Christian Bale attended Sunday night's Oscars as a Supporting Actor nominee for the financial crisis drama, The Big Short, but the inspiration behind his next project is much more obscure than a recent economic meltdown with global repercussions. Although Knight Of Cups isn't a true story , Bale plays a screenwriter at a personal crossroads. Family drama and loss push Rick farther into the hedonistic playground occupied by industry elite, and he's driven to face some harsh internal truths and the objects of past mistreatment. Director Terrence Malick is infamous for both his unconventional methods and long stretches between film releases, but what drove this particular piece of work?
Rick is not based on one existing Hollywood screenwriter, and Knight Of Cups doesn't follow one real-life experience. The film has its roots in a couple of vintage morality tales, including the 1698 allegory, The Pilgrim's Progress From This World To That Which Is to Come; Delivered Under The Similitude Of A Dream. (A catchier title than Knight Of Cups? You be the judge.) Author John Bunyan composed the story of Christian (who is a Christian, because that's how allegory works), who seeks forgiveness for his sins on his journey to the afterlife. According to Yahoo, The Knight Of Cups script takes more than the human need for absolution and mercy from The Pilgrim's Progress; the script includes passages and quotes taken directly from the text. The movie also pulls from another quest narrative, the "Hymn Of The Pearl" from the Gnostic Acts Of Thomas. In those verses, a young boy on a mission is waylaid by seductive forces before he sets himself back on his righteous path. The shared theme is clear: life is full of temptations, and most aren't born with a perfectly calibrated moral compass. Choice reigns supreme.

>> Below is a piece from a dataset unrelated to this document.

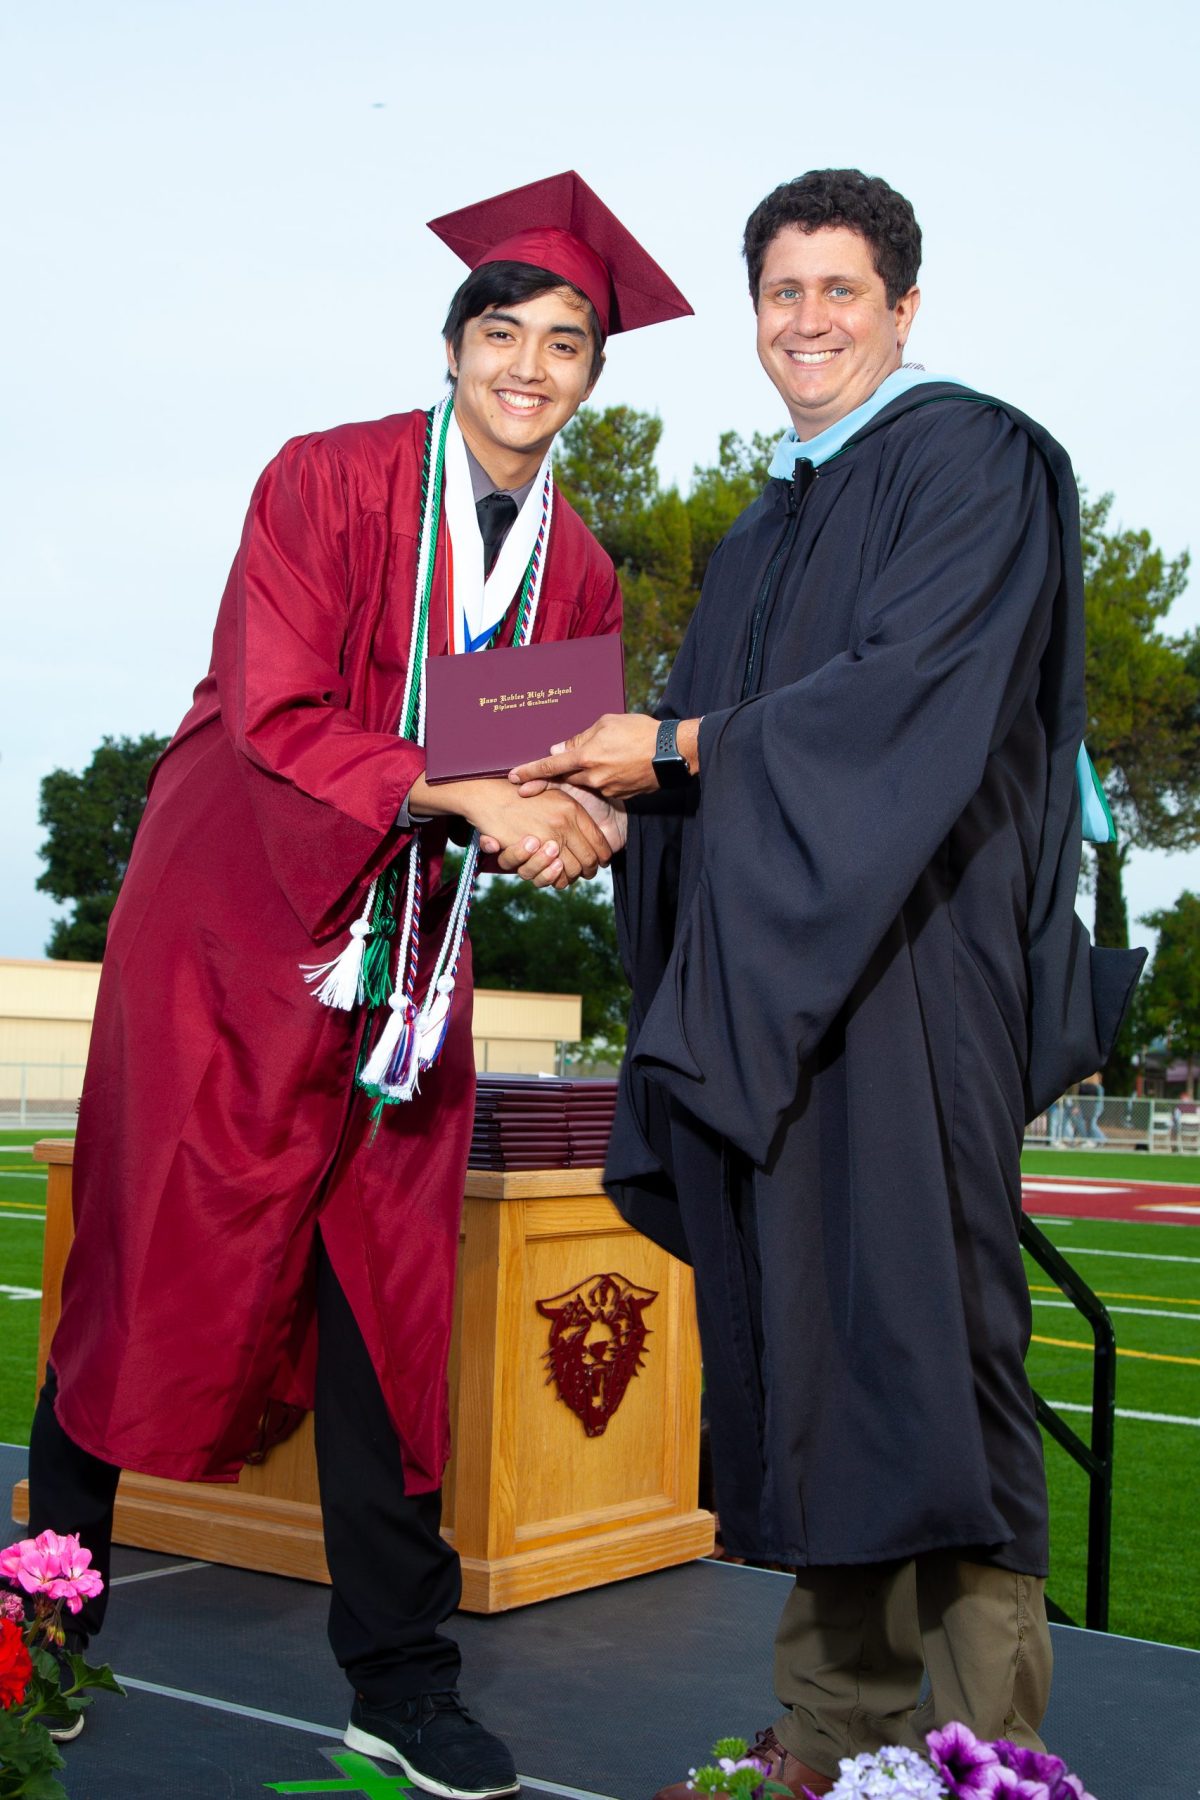 Paso Robles High School graduation honors achievements and embraces

Reportedly, this context is more than what Bale was given before filming began. At a press conference for Knight Of Cups at the Berlin Film Festival, Bale told journalists that he appreciated the being left in the dark. "The nice and very interesting thing in Terry's approach was that he didn't tell us what it was about," Bale said, as reported by IndieWire. "[Knight of Cups] was something he had gestating for a long time; he really just gave me the character description." While others on set had the script, Bale never did get his own copy. "I'd try to look over their shoulder to see what I was going to be told," the actor said of his scene partners.
This process would have put any number of other actors on edge, but Christian Bale is as nontraditional in his craft as his director. A devotee of Method acting, Bale didn't mind not knowing what scene he'd be filming day to day, let alone not being aware of the film's centuries old source material. "[Malick] liked to call it 'torpedoing' us, with different actors and nonactors, to get a very real response," Bale said, as reported by The Hollywood Reporter. Did Bale and Malick's collaboration succeed in creating a 21st century parable that's true to the character they developed, or did a strange shoot make for a confounding movie? Work through your own response when Knight Of Cups hits theaters on Mar 4.